Published on 17.05.2022
Research Acceleration
In biology, structure and function are closely linked. Our intestine is no exception to this rule. The cells of the intestinal wall specialise to form a brush border on their surface (see image). This structure, made up of thousands of membrane folds or "microvilli", contains the transporters necessary to capture nutrients in the intestinal lumen and to control the exchange of water and salts between the organism and the external environment. In certain genetic intestinal diseases, generally grouped under the name of 'microvillous atrophy', there is a defect in the formation of this brush border. "This defect manifests itself from birth in the form of severe diarrhoea leading to severe dehydration and undernutrition," explains Nadine Cerf-Bensussan, director of the Intestinal Immunity Laboratory at the Institut Imagine.
A new gene identified
The most common genetic causes are loss-of-function mutations in the MYO5B gene. This gene codes for a protein, myosin 5B, which enables the transport of various components of the brush border to the apical surface of the intestinal cells. When myosin 5B is mutated, the brush border is disorganised and lacks its transporters, causing very severe diarrhoea.
In a study published on 16 May in The Journal of Clinical Investigation, Nadine Cerf-Bensussan's team identified a new cause for this family of diseases [1]. The team focused on children with severe diarrhoea with no known genetic cause. "To identify the genetic origin of their symptoms, we sequenced the coding parts of their genome - the so-called exome - and identified loss-of-function mutations in the Unc45a gene encoding the Unc45a protein," explains Marianna Parlato, research fellow and last author. Mutations in this gene have very recently been reported in other children with severe diarrhoea, but the mechanism of the diarrhoea is not clear.
UNC45: a key protein in the formation of the intestinal barrier
The published work shows that UNC45 acts as a 'chaperone' for myosin 5B. In practice, it "helps" myosin 5B to fold correctly to have the correct three-dimensional structure. Thus, when Unc45a is mutated and non-functional, myosin 5 loses its structure and becomes unable to perform its function in the development of the brush border of the gut.

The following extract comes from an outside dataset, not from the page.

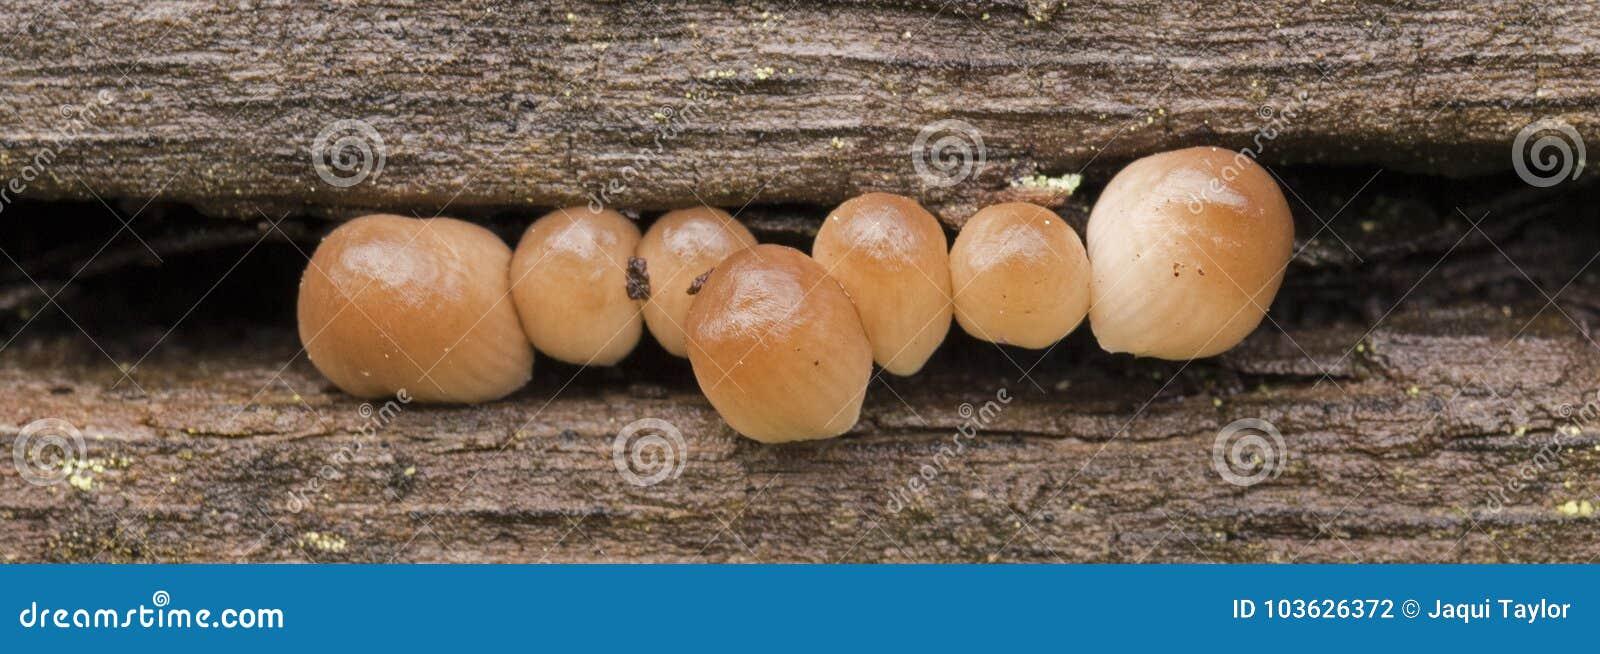 Seven tiny mushrooms on Southampton Common

This discovery was based on the study of 6 patients and benefited from a collaboration between the Imagine Institute, gastroenterologists from the Necker-Enfants Malades and Robert Debré hospitals at AP-HP and the Ankara Children's Hospital in Turkey, geneticists from the Dijon University Hospital and the University of Oxford, and researchers from the Institut de la Vision, Université Paris-Cité and the University of Innsbruck in Austria. The characterisation of the molecular defect was carried out using a combination of classic approaches (histological and biochemical analyses, electronic microscopy) and innovative approaches in zebrafish or through the use of organoids, a kind of miniature intestine reconstituted in the laboratory from stem cells.
"The same abnormalities in brush border formation and transporter targeting are found in both cell lines, zebrafish and organoids with loss-of-function mutations in Unc45," explain Nadine Cerf-Bensussan and Marianna Parlato. This body of evidence validates the hypothesis that this genetic variant plays a key role in the intestinal barrier defects in these children and provides a better understanding of the mechanisms of intestinal barrier development. The precise discovery of the mechanism responsible for the disease makes it possible to envisage the search for a drug that could correct the myosin 5B folding defect and restore the development of the brush border.